__GIVEN DATA__.
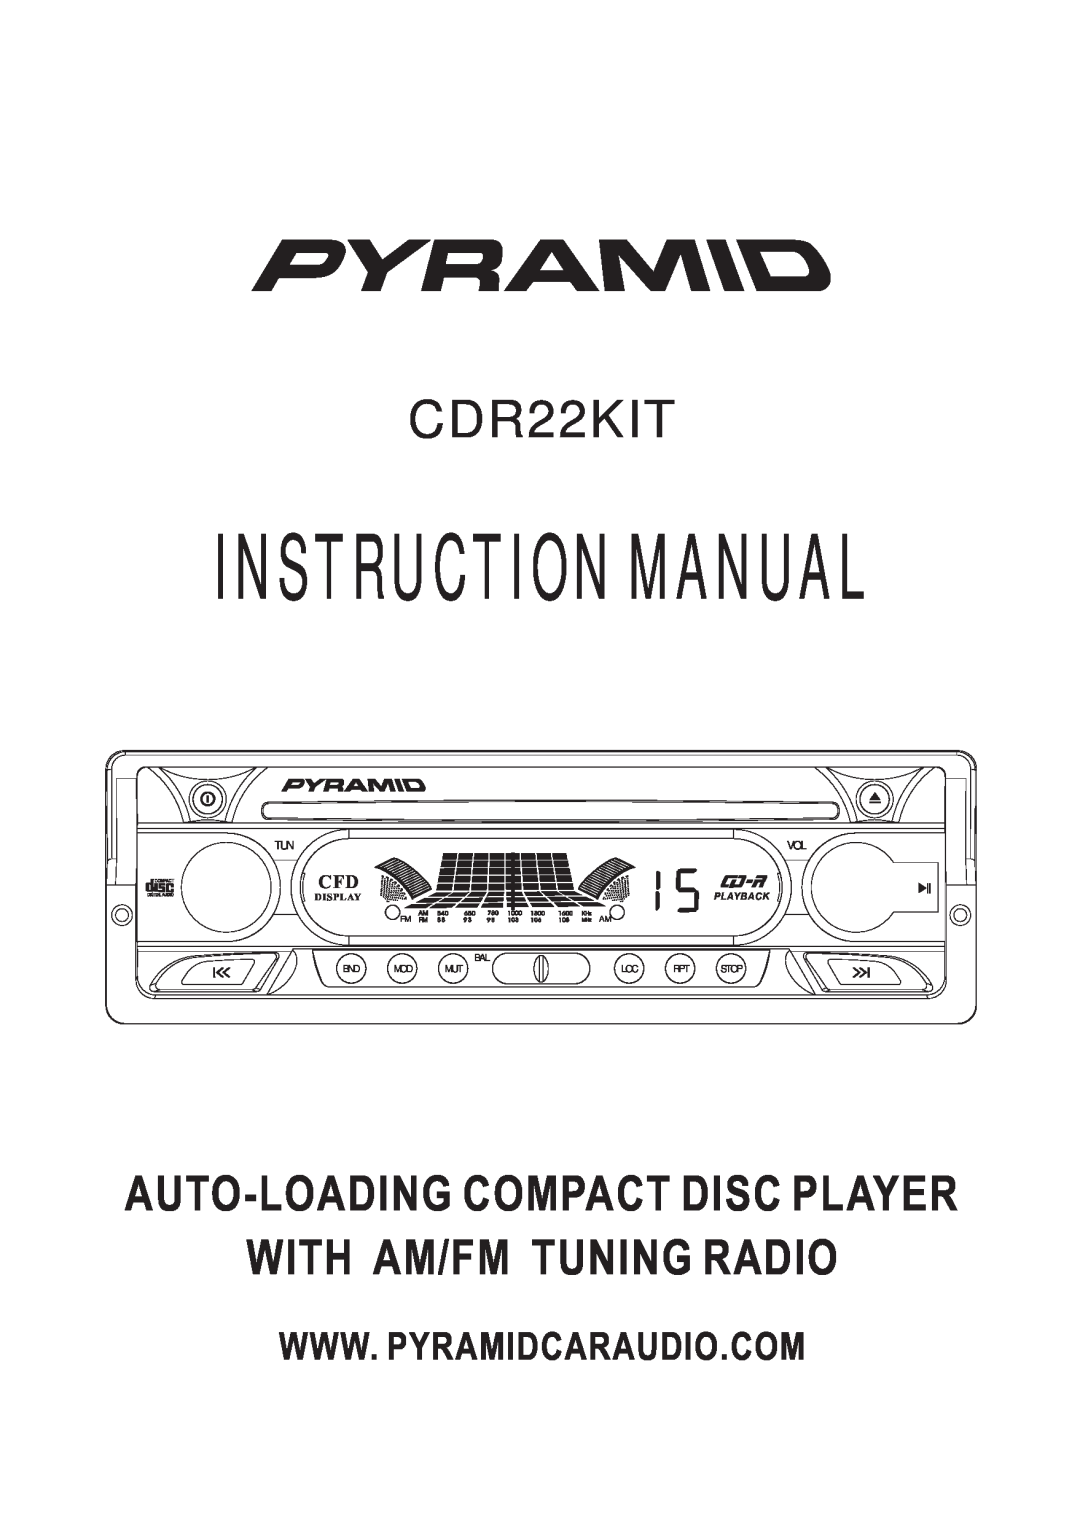 Pyramid Car Audio CDR22KIT instruction manual Auto-Loadingcompact Disc Player, With Am/Fm Tuning Radio, Display, Playback 
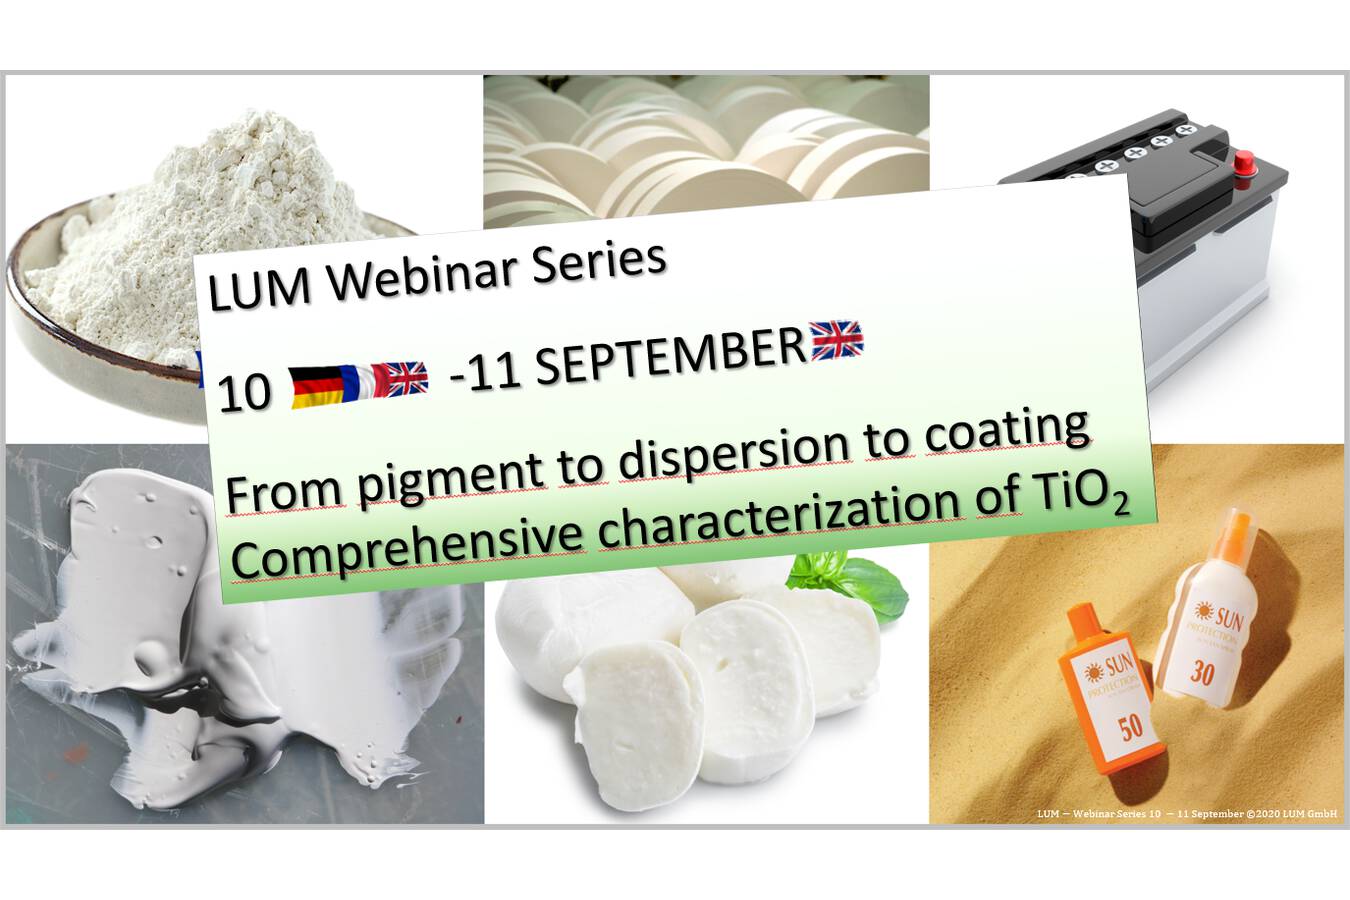 Comprehensive characterization of Titanium dioxide- Webinars 10 & 11 Sep From pigment to dispersion to coating
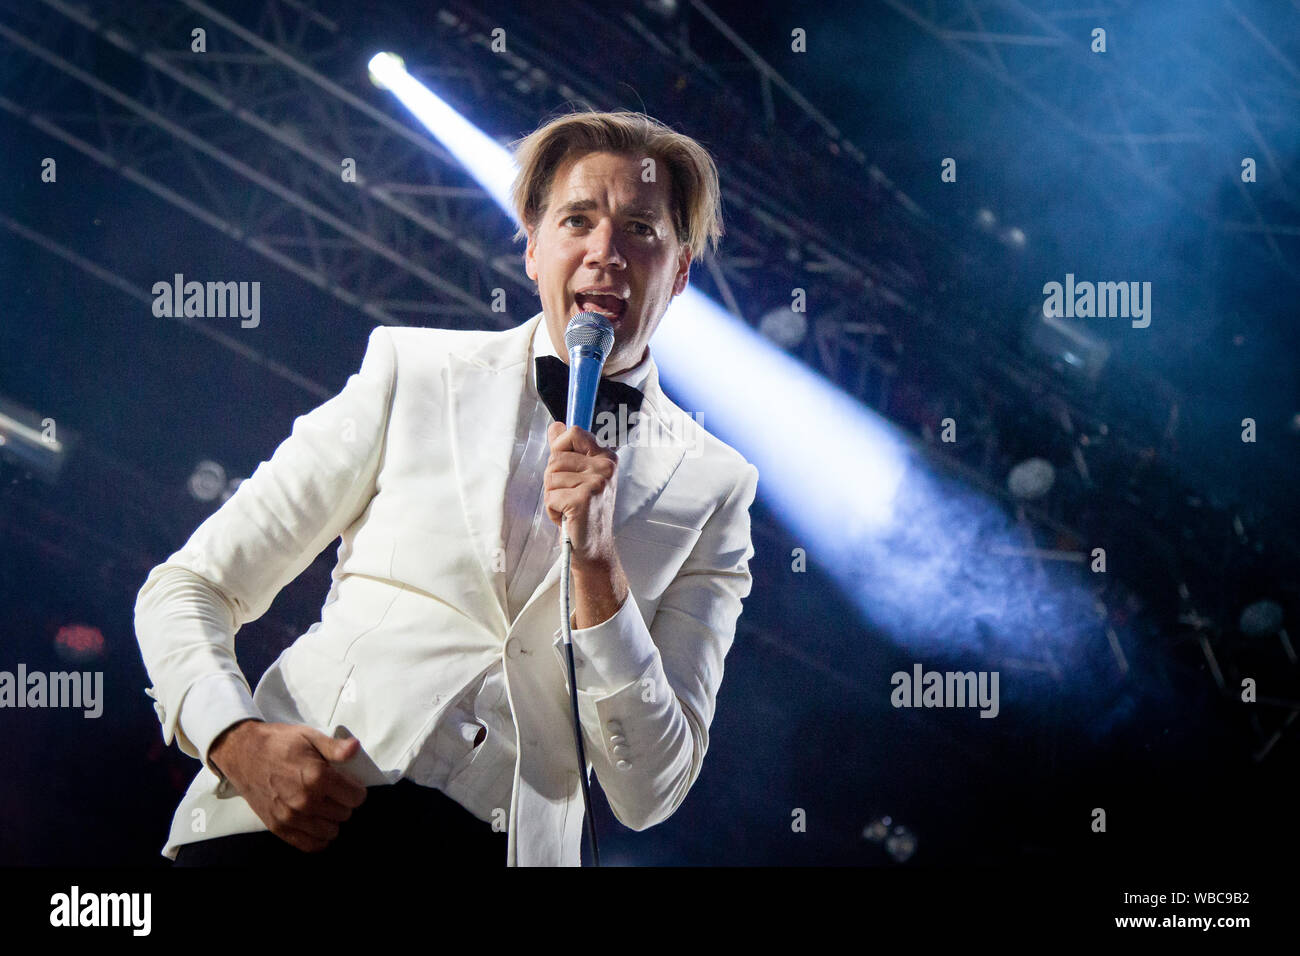 Trondheim, Norway. August 16th, 2019. The Swedish rock band The Hives performs a live concert during the Norwegian music festival Pstereo 2019 in Trondheim. Here vocalist Pelle Almqvist is seen live on stage. (Photo credit: Gonzales Photo - Tor Atle Kleven). Stock Photo

__INSTRUCTIONS FOR THE TASK__. Repeat every line of the data exactly, but do not include pictures.

__EXERCISE RESPONSE__.
 Pyramid Car Audio CDR22KIT instruction manual Auto-Loadingcompact Disc Player, With Am/Fm Tuning Radio, Display, Playback 
 Comprehensive characterization of Titanium dioxide- Webinars 10 & 11 Sep From pigment to dispersion to coating
 Trondheim, Norway. August 16th, 2019. The Swedish rock band The Hives performs a live concert during the Norwegian music festival Pstereo 2019 in Trondheim. Here vocalist Pelle Almqvist is seen live on stage. (Photo credit: Gonzales Photo - Tor Atle Kleven). Stock Photo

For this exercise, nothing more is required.